Instructions for the task:
Please write the listing below out again exactly, leaving every picture behind.

Provided data:
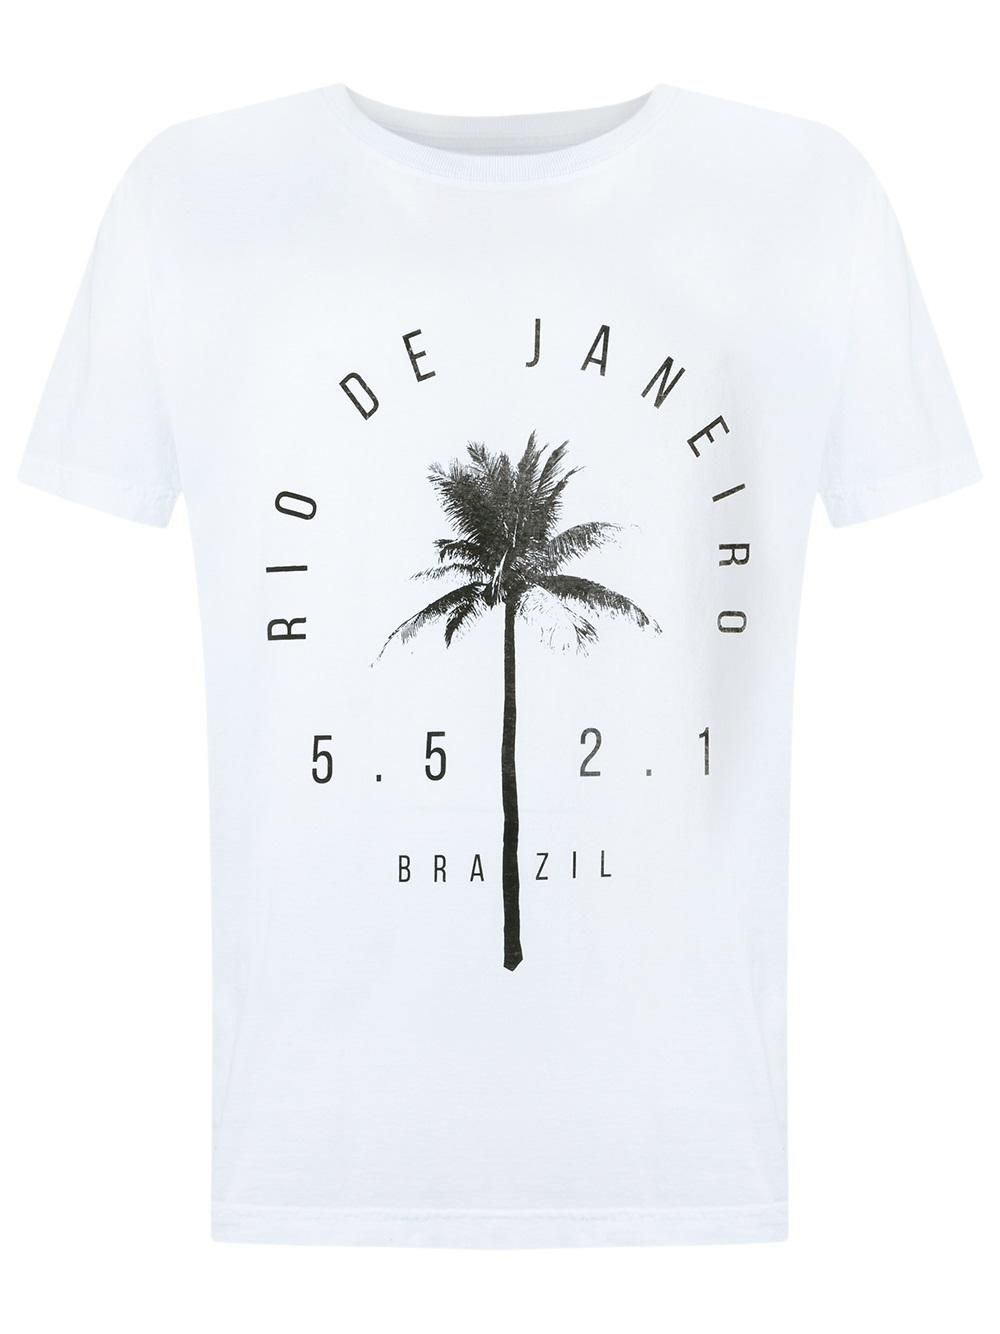 Osklen Camiseta com estampa | Camiseta osklen, Camisas
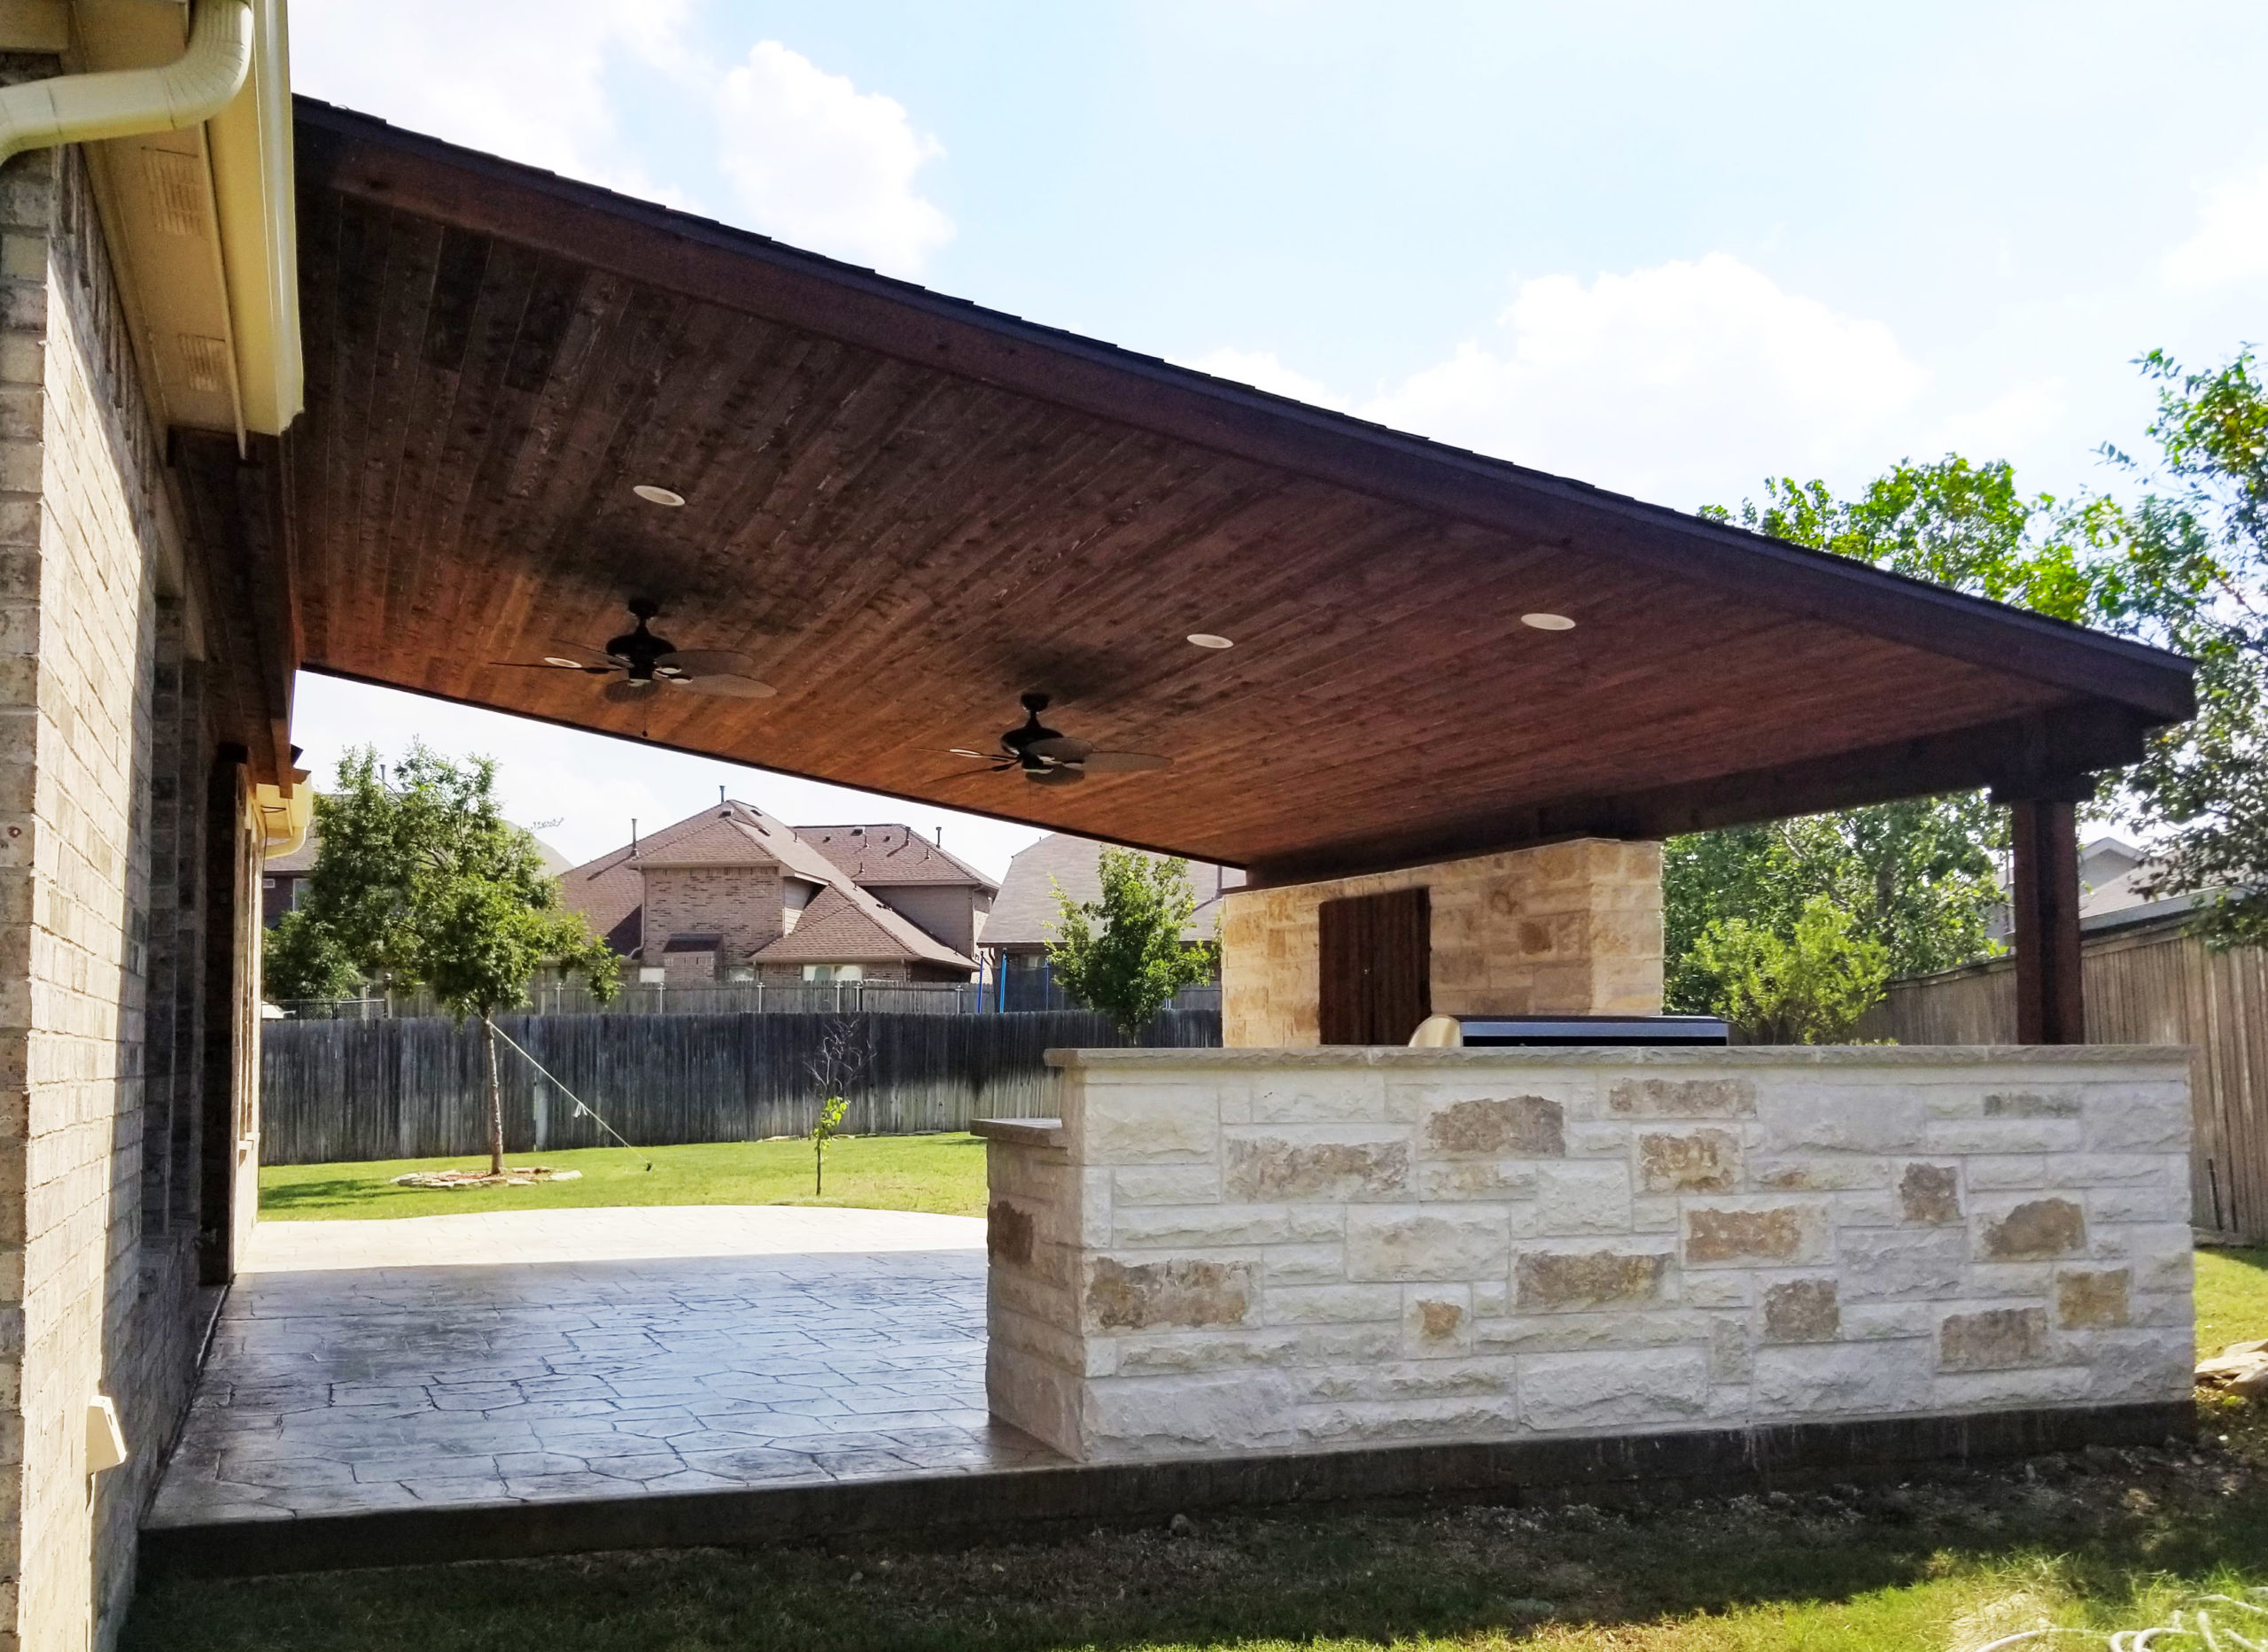 Frisco Patio Cover Companies   Beautiful Backyard Living ... on Backyard Patio Covers  id=40129
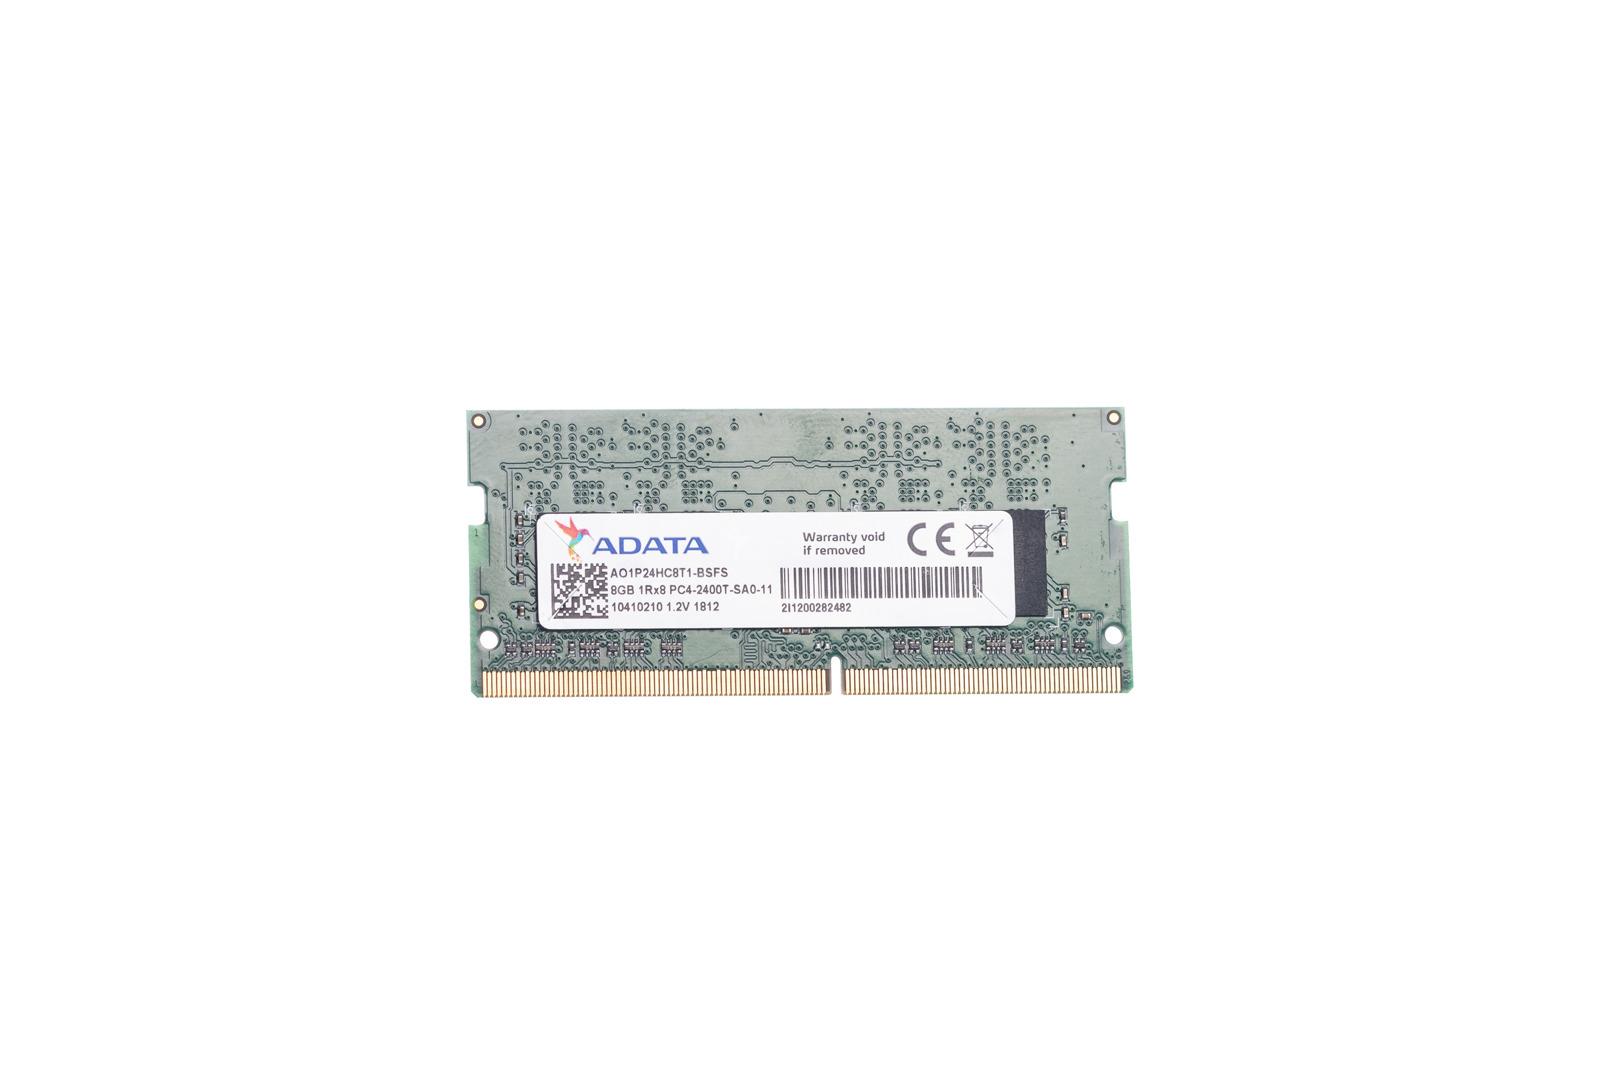 Memory RAM ADATA 8GB DDR4 AO1P24HC8T1-BSFS
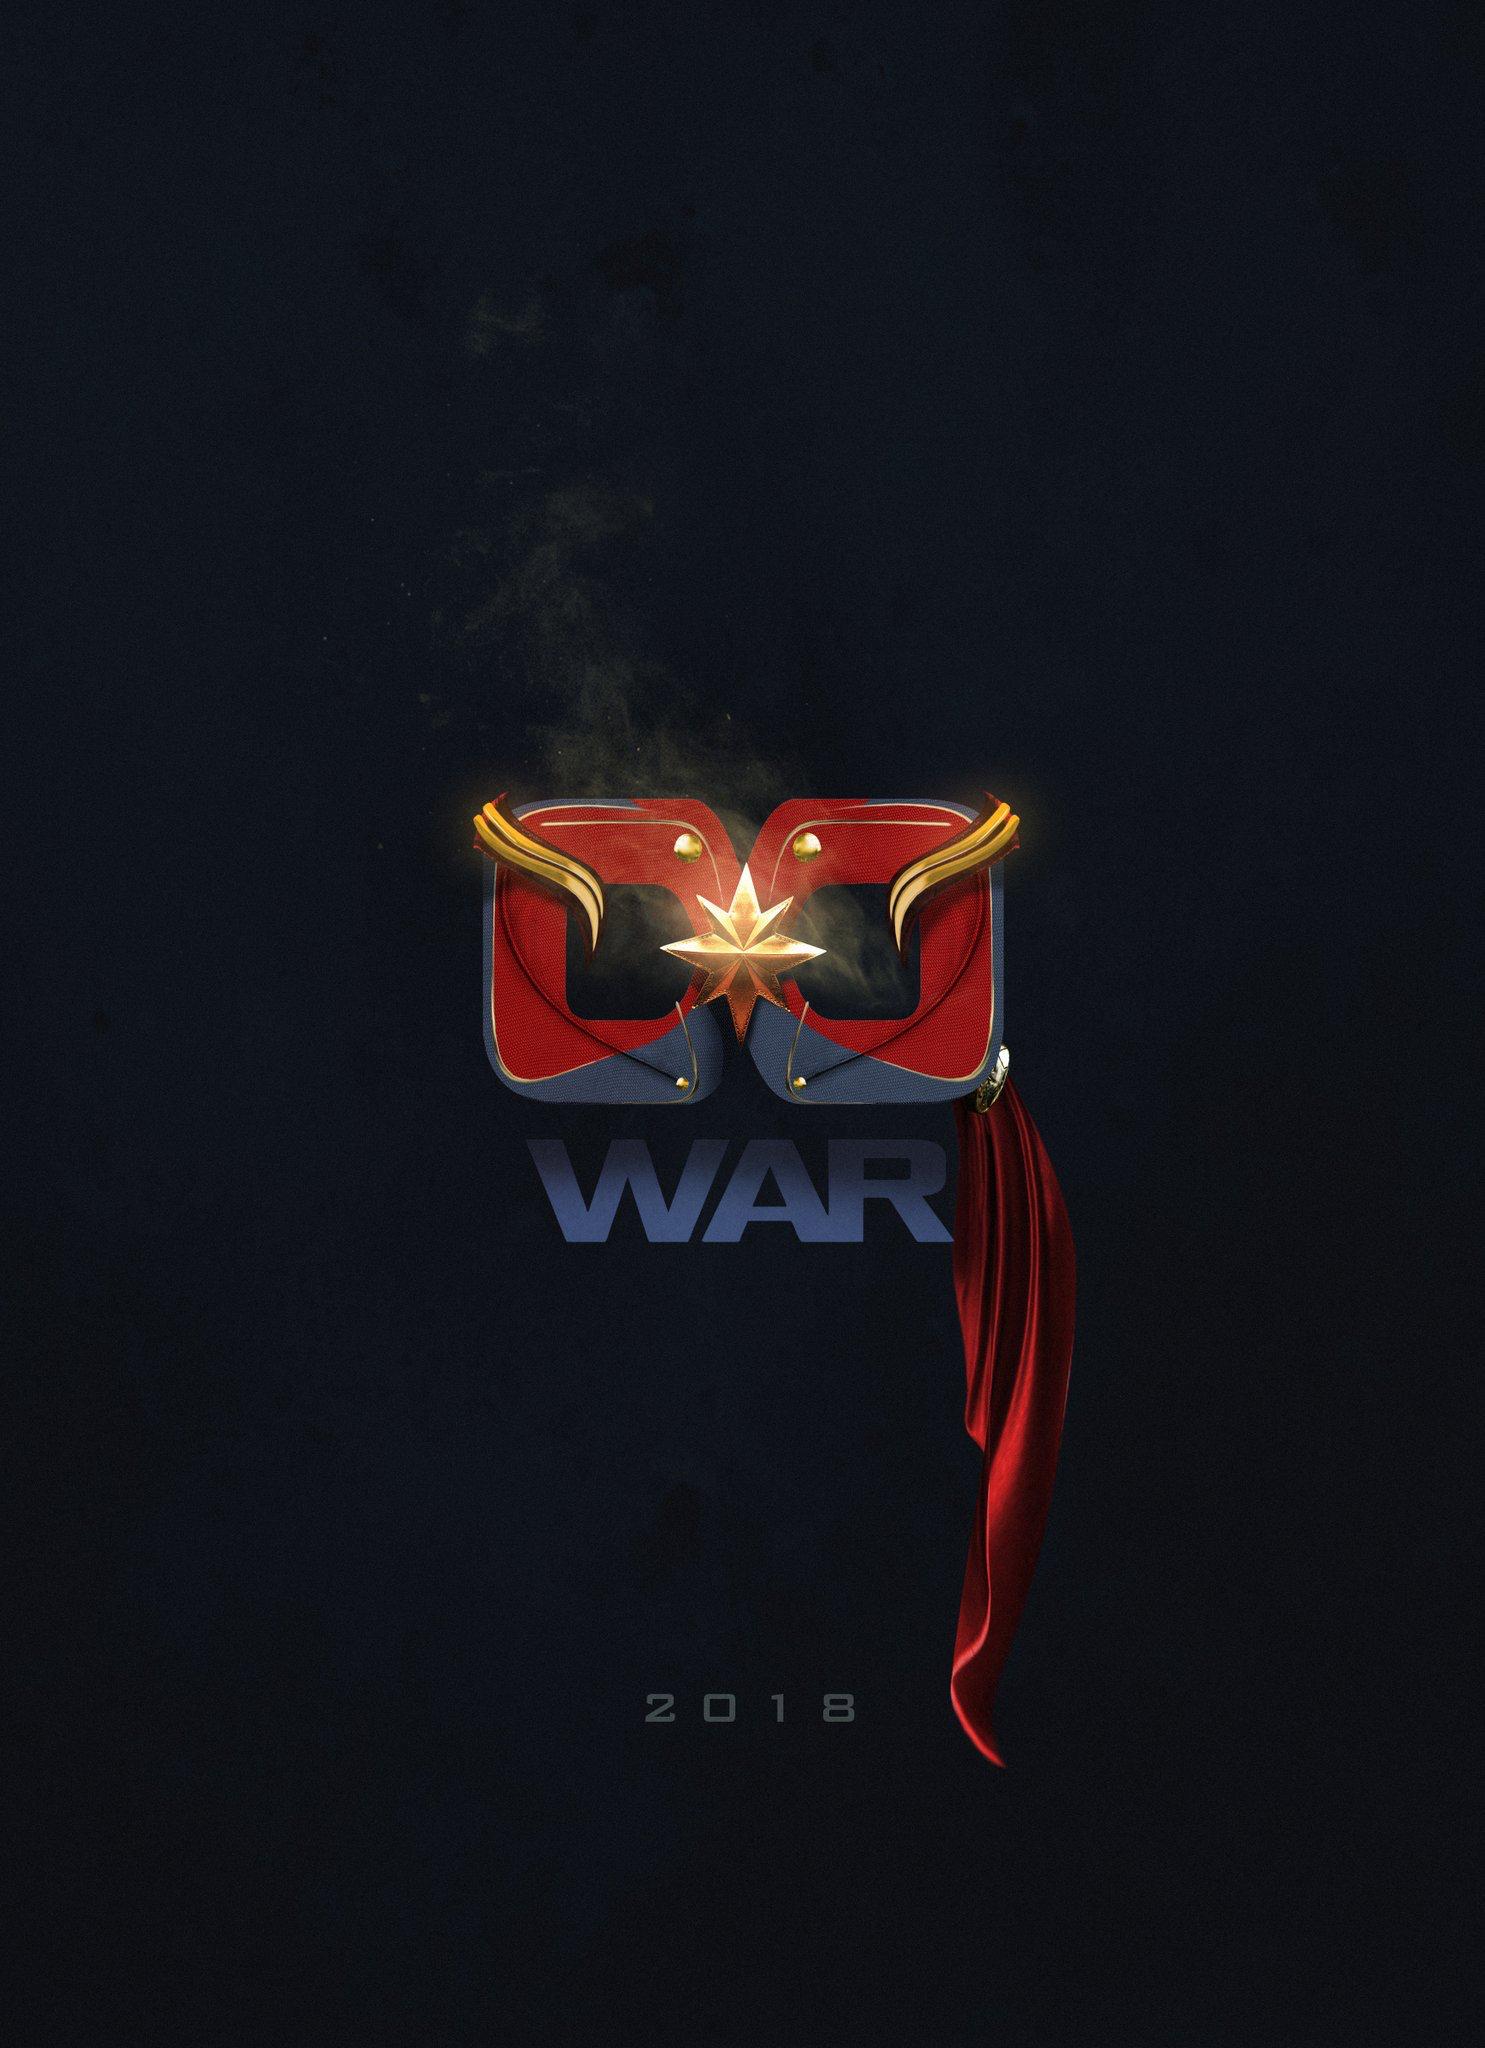 Avengers Infinity War Infinity War Marvel Infinity War Avengers

Your solution:
 Osklen Camiseta com estampa | Camiseta osklen, Camisas
 Frisco Patio Cover Companies   Beautiful Backyard Living ... on Backyard Patio Covers  id=40129
 Memory RAM ADATA 8GB DDR4 AO1P24HC8T1-BSFS
 Avengers Infinity War Infinity War Marvel Infinity War Avengers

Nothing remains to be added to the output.